- Task to carry out
Go through the data and copy every line exactly, but not the images.

- Information shown
::::::::::
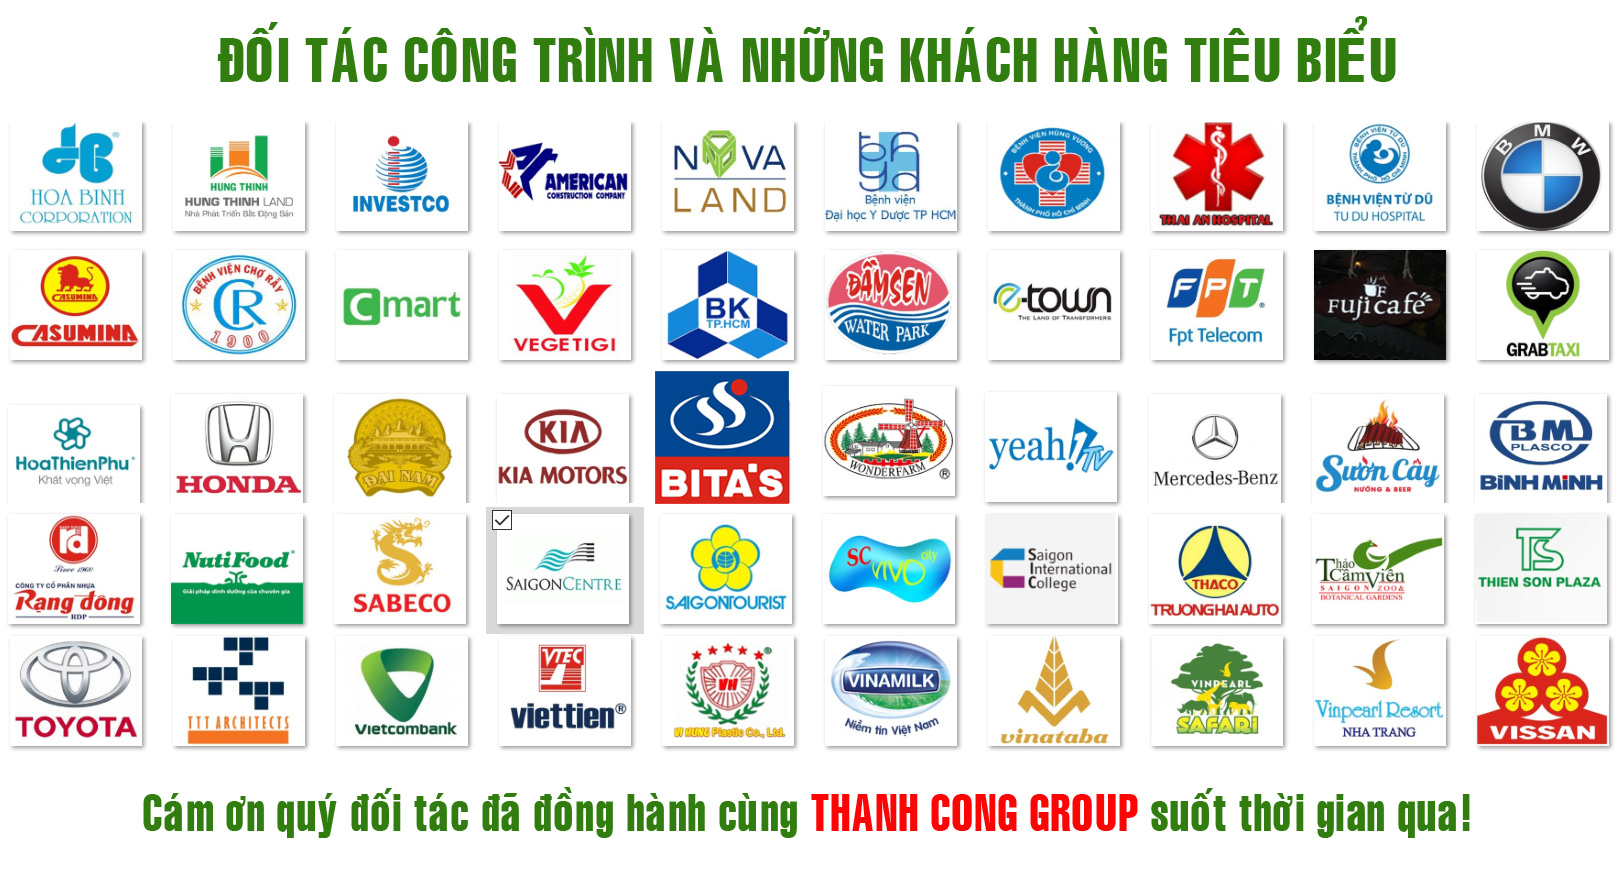 Khach hang Thanh Cong Group
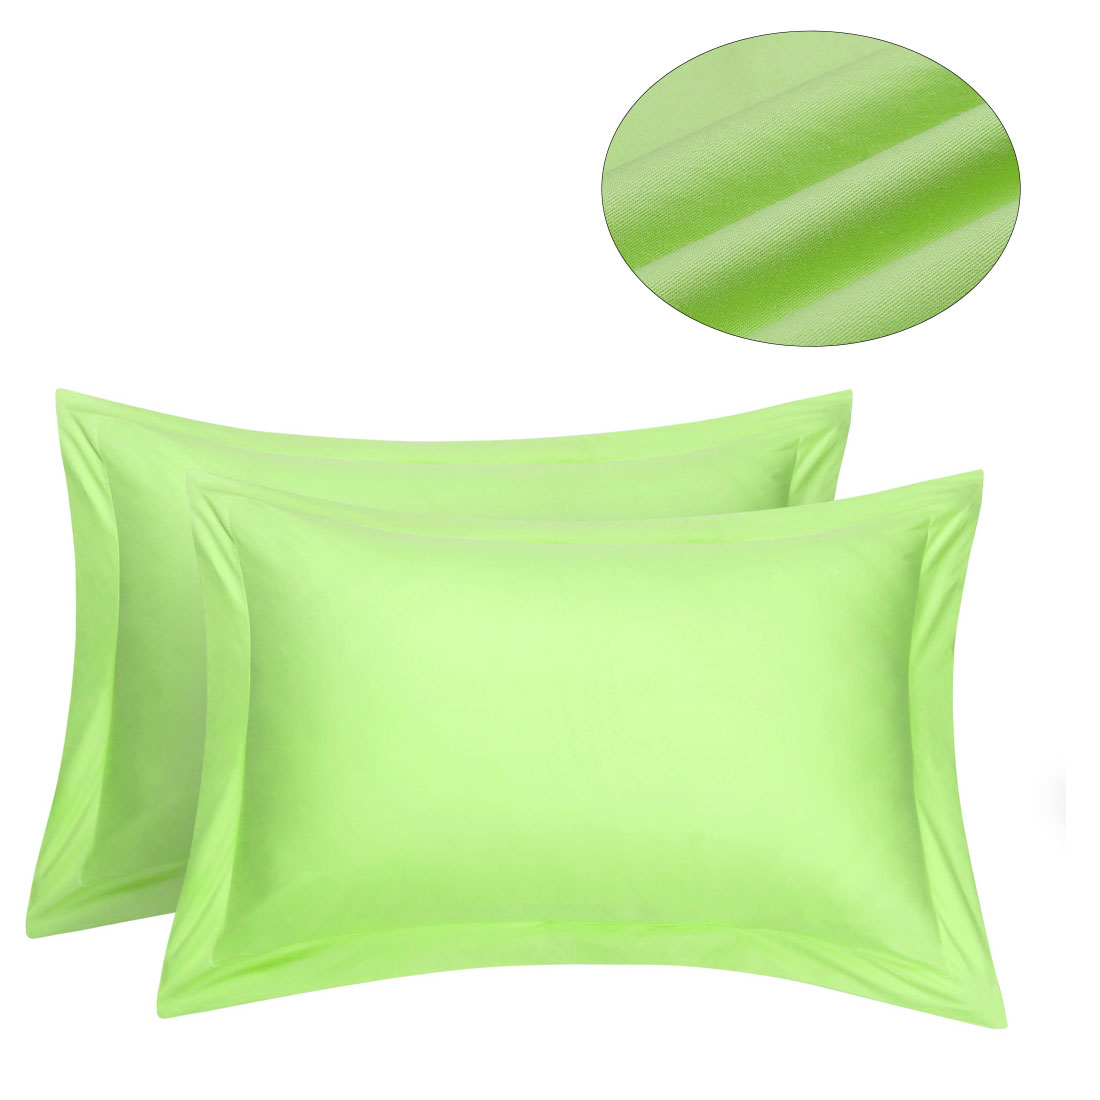 Bedroom Egyptian Cotton Pillow Shams Case Cover Pillowcase Protector Green 20 X 30 Inch Set Of 2 Bedding For Home Walmart Com Walmart Com
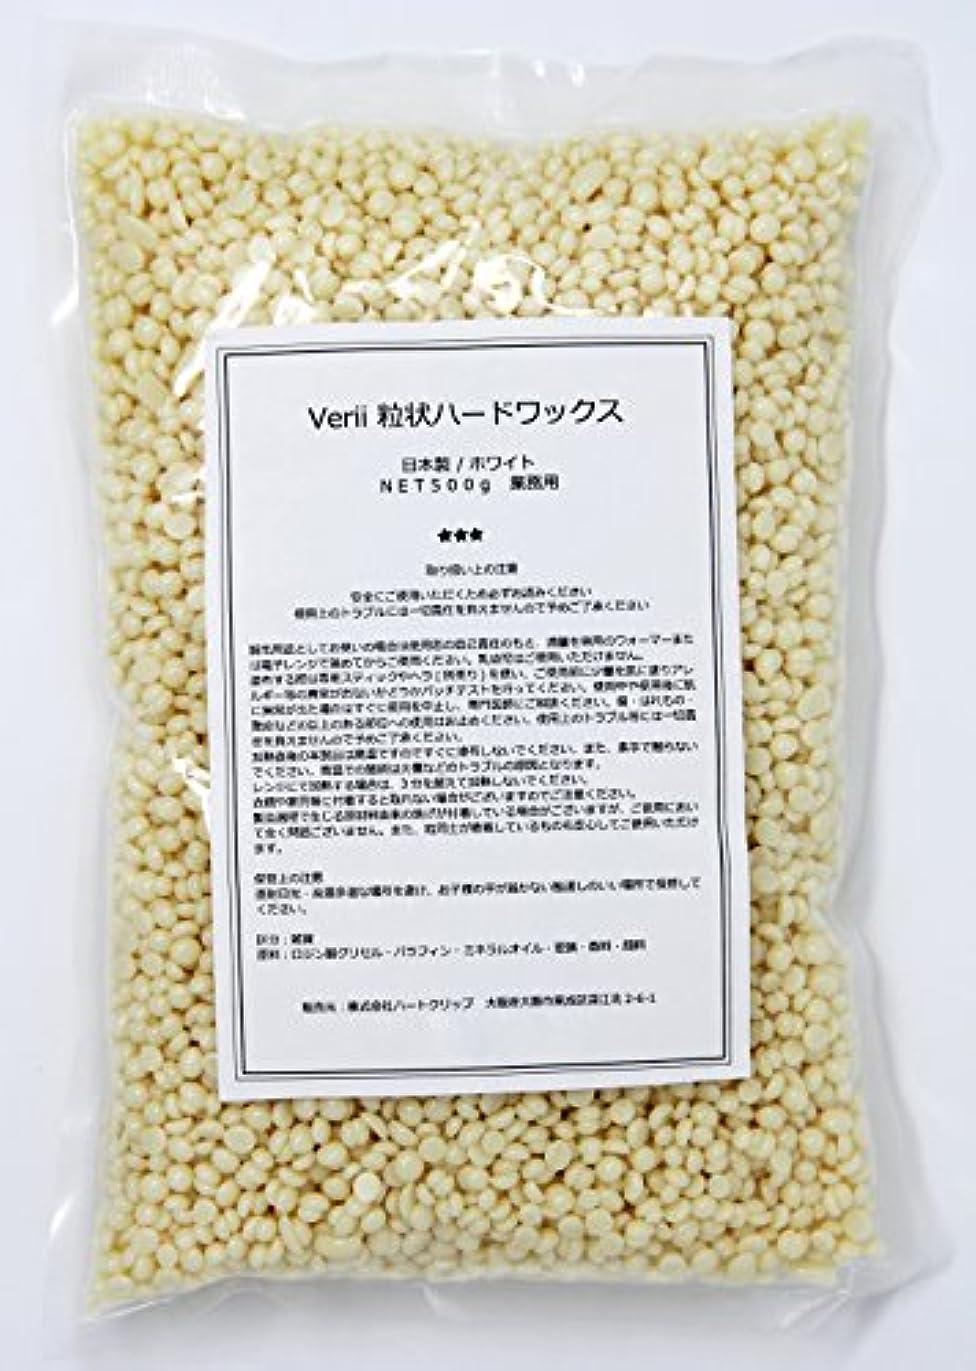 Verii 【鼻毛ワックス】粒状ハードワックス ホワイト (100g)
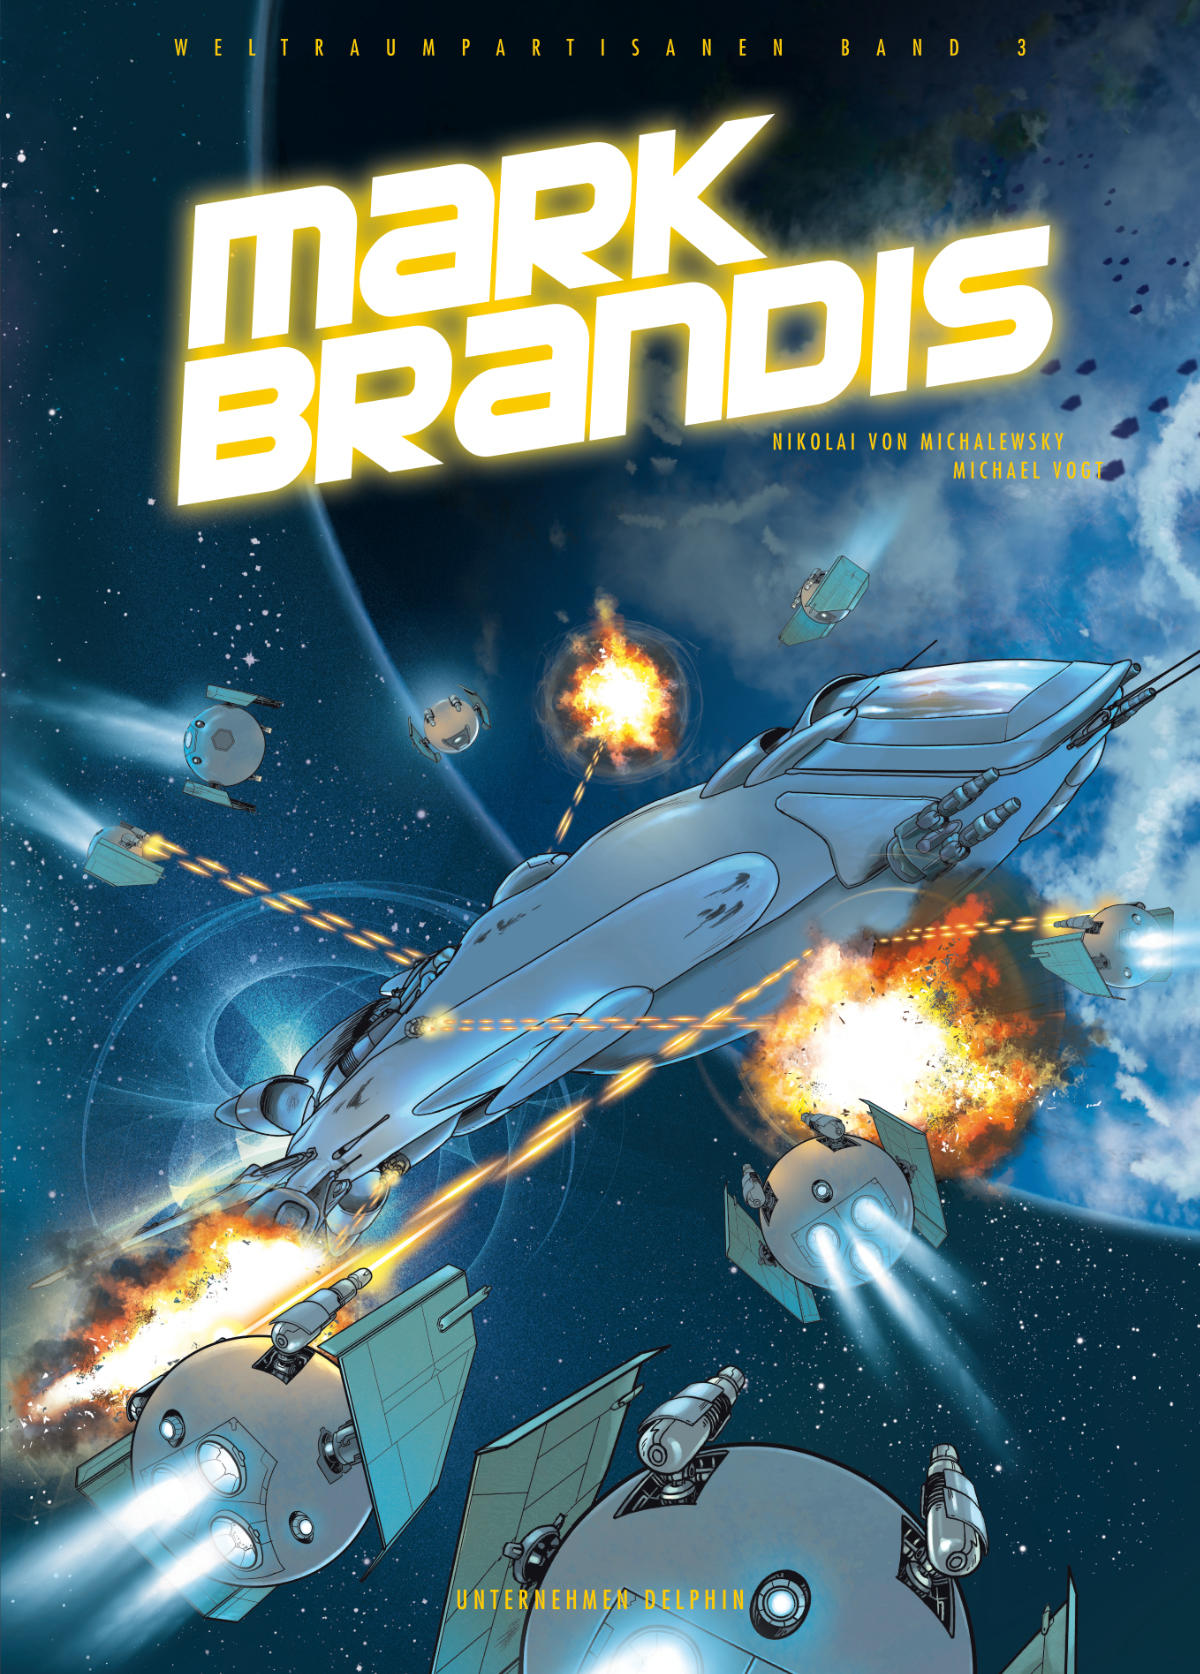 Mark Brandis Unternehmen Delphin cover by MichaelVogt
::::::::::
- Your response
 Khach hang Thanh Cong Group
 Bedroom Egyptian Cotton Pillow Shams Case Cover Pillowcase Protector Green 20 X 30 Inch Set Of 2 Bedding For Home Walmart Com Walmart Com
 Verii 【鼻毛ワックス】粒状ハードワックス ホワイト (100g)
 Mark Brandis Unternehmen Delphin cover by MichaelVogt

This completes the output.